CUDPP
2.1
CUDA Data-Parallel Primitives Library
|
This code sample demonstrates a basic usage of CUDPP for computing the parallel prefix sum of a floating point array on the GPU.
The simpleCUDPP sample is the "hello" world example for CUDPP. Its aim is to show you how to initialize, run, and shut down CUDPP functions.
The main function in simpleCUDPP.cu is runTest()
.
runTest
starts by initializing the CUDA device and then declaring the number of elements and the array size for the arrays we plan to scan. It then allocates the host-side (CPU-side) input array, h_idata
, and initializes the data it contains with some random values between 0 and 15.

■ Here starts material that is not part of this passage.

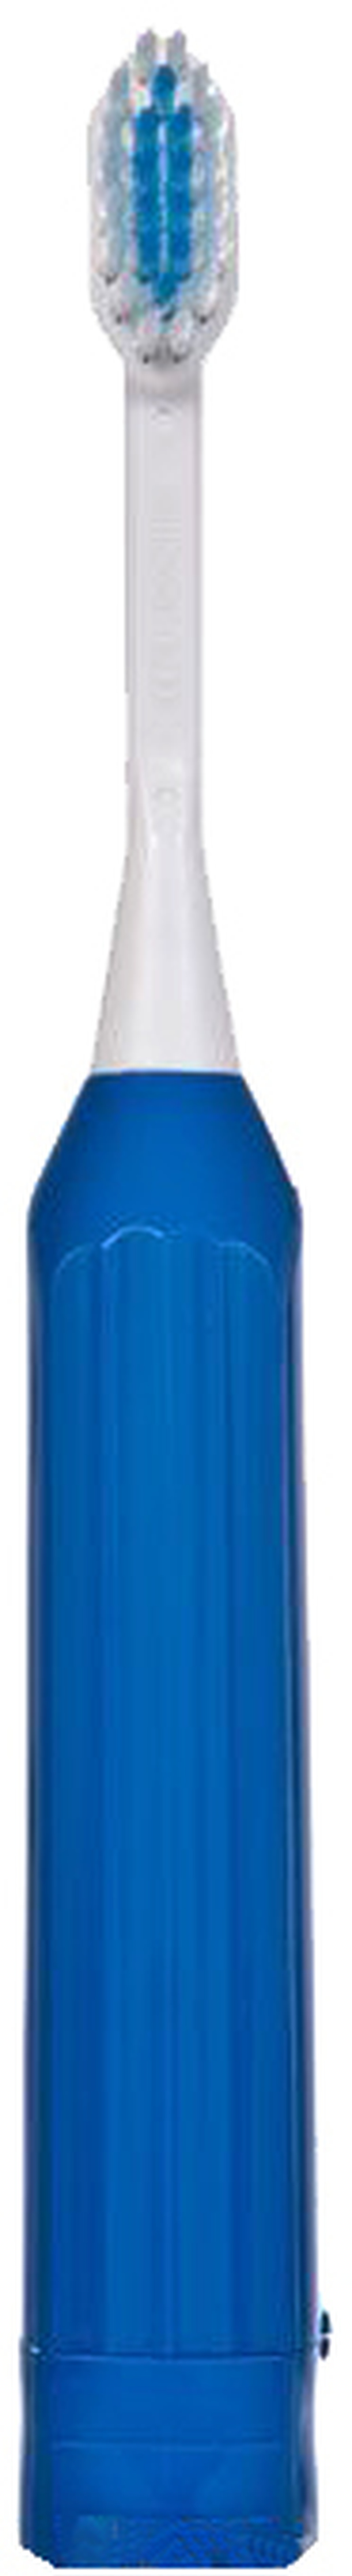 Электрическая зубная щетка Hapica Minus iON DB-3XB, синяя фото

After the input data is created on the host, we allocate a device (GPU) array d_idata
and copy the input data from the host using cudaMemcpy()
. We also allocate a device array for the output results, d_odata
.
Before we use the CUDPP library, we must initialize it. We do this by calling cudppCreate(), which returns a handle to the CUDPP library object. This handle must be used when creating CUDPP plans (described next), so it must be held by the calling thread until it is ready to shut down CUDPP.
Next comes the real CUDPP stuff. First we have to configure CUDPP to scan our array. Configuration of algorithms in CUDPP relies on the concept of the plan. A plan is a data structure that maintains intermediate storage for the algorithm, as well as information that CUDPP may use to optimize execution of the present hardware. When invoked using cudppPlan(), the CUDPP planner takes the configuration details passed to it and generates an internal plan object. It returns a CUDPPHandle – an opaque pointer type that is used to refer to the plan object – that must be passed to other CUDPP functions in order to execute algorithms.
In this case we are going to do a forward exclusive float
sum-scan of numElements
elements. We tell the planner this by filling out a CUDPPConfiguration struct with the algorithm (CUDPP_SCAN), datatype (CUDPP_FLOAT), operation (CUDPP_ADD), and options (CUDPP_OPTION_FORWARD, CUDPP_OPTION_EXCLUSIVE). We then pass this config to cudppPlan along with the maximum number of elements we want to scan, numElements. Finally, we pass 1 and 0 for the numRows and rowPitch parameters, since we only want to scan a one-dimensional array. See the documentation for cudppPlan() for more details on these parameters.
We now have a handle to our plan object in scanplan. Next, after making sure that cudppPlan() did not return an error, we put CUDPP to work by invoking cudppScan(), to which we pass our plan handle, the output and input device arrays, and the number of elements to scan.
Next, we read the results of the scan from d_odata back to the host, compute a reference solution on the CPU (computeSumScanGold()
), and compare the results for correctness.
Finally, we tell CUDPP to clean up the memory used for our plan object, using cudppDestroyPlan(). Then we shut down the CUDPP library using cudppDestroy(), passing it the handle we received from cudppCreate(). Finally we free the host and device arrays using free()
and cudaFree
, respectively.
Using CUDPP for parallel prefix sums is easy!